La juxtaposition de ces deux descriptions nous amène à identifier de façon simplifiée 3 phases avant le pic de contrainte :

- phase I : serrage et compression élastique linéaire. A très faibles contraintes, la roche commence par fermer ses ouvertures préexistantes puis continue à se contracter tant que la pression de fluide dans les pores reste inférieure à la contrainte exercée. Le fluide peut être de l’air ou de l’eau selon que l’échantillon est sec ou non. Cette phase correspond aux phases 1 et 2 dans la description d’Haïed et avant les points A et E pour Zhao.

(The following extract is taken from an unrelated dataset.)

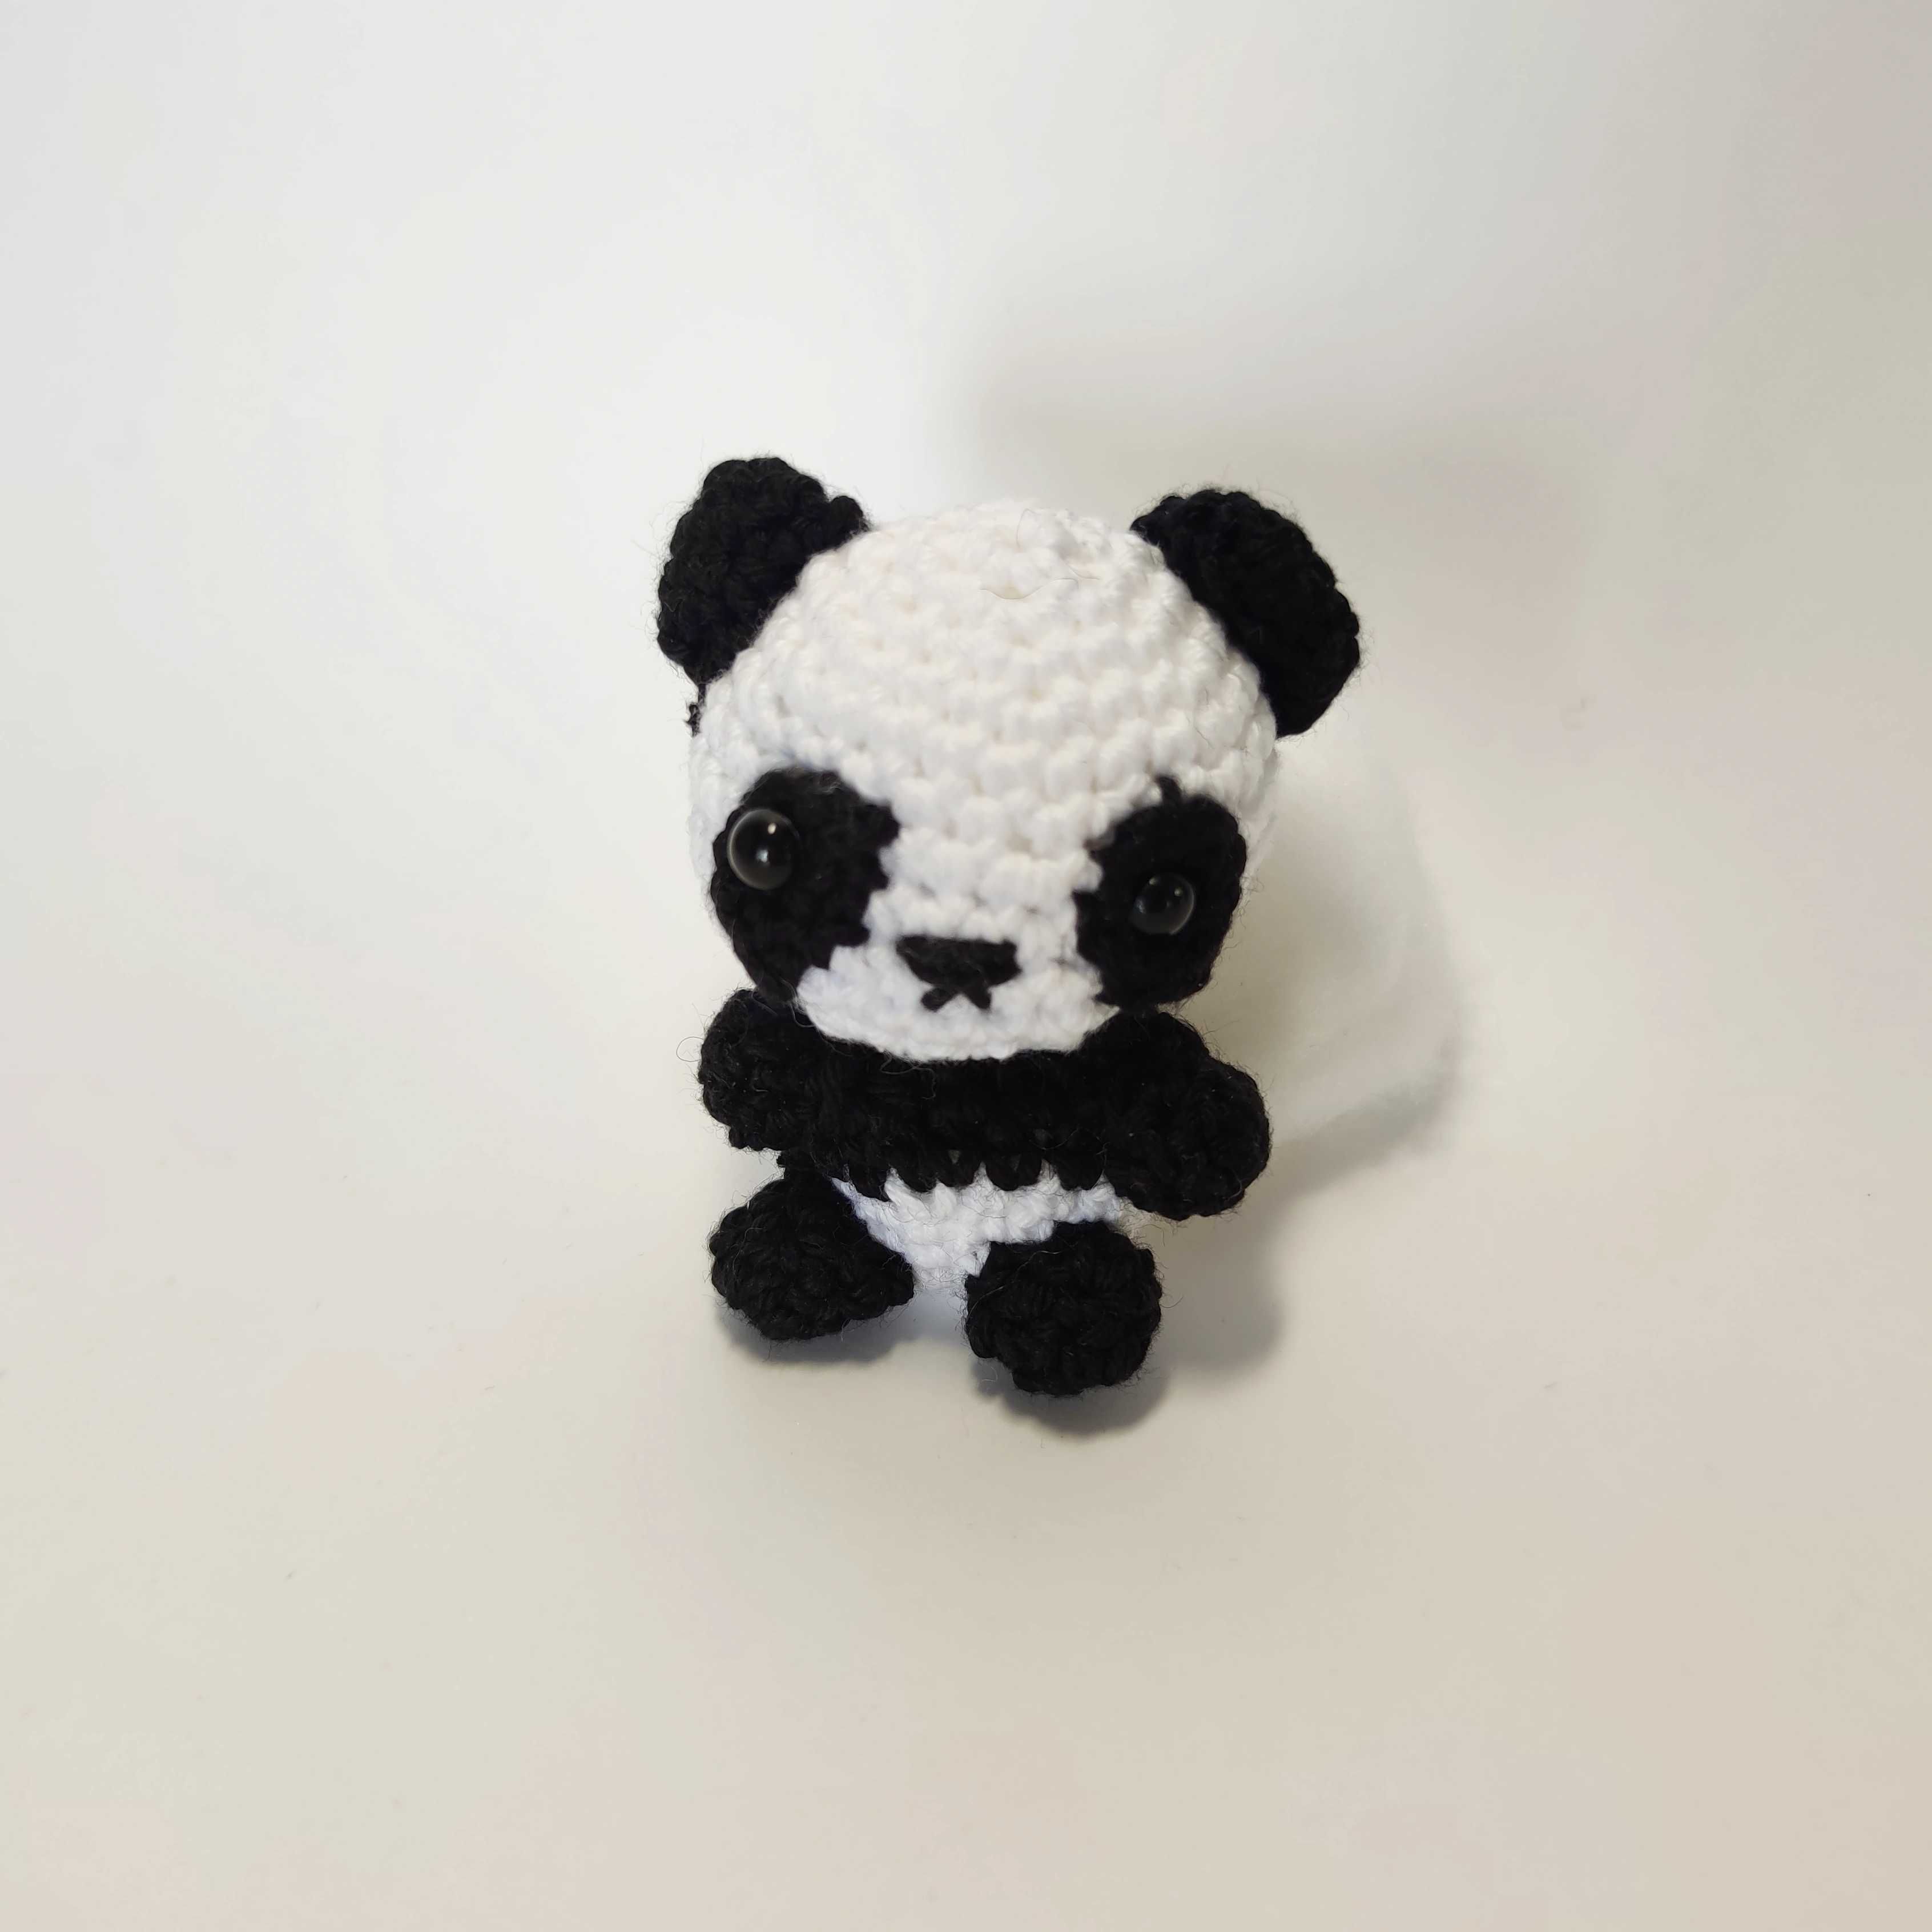 Breloczek handmade panda amigurumi

- phase II : initiation et propagation régulière de la fissuration. Une fois les fissures créées, on observe une dilatance relative : le matériau continue à se contracter à l’échelle macroscopique mais de moins en moins au fur et à mesure de la propagation des fissures. Ce phénomène se poursuit jusqu’à atteindre un pic de déformation volumique contractante qui précède le pic de contrainte (sous condition de contrainte de confinement pas trop élevée). Cette phase correspond aux phases 3, 4 et 5 dans la description d’Haïed, et entre les points A et B (E et F) pour Zhao.

- phase III : propagation instable de la fissuration et dilatance. Les fissures se propagent de plus en plus, se relient entre elles, et commencent à s’ouvrir : une dilatance absolue apparaît, le volume du matériau augmente. Ce phénomène va s’amplifiant jusqu’à atteindre le pic de contrainte.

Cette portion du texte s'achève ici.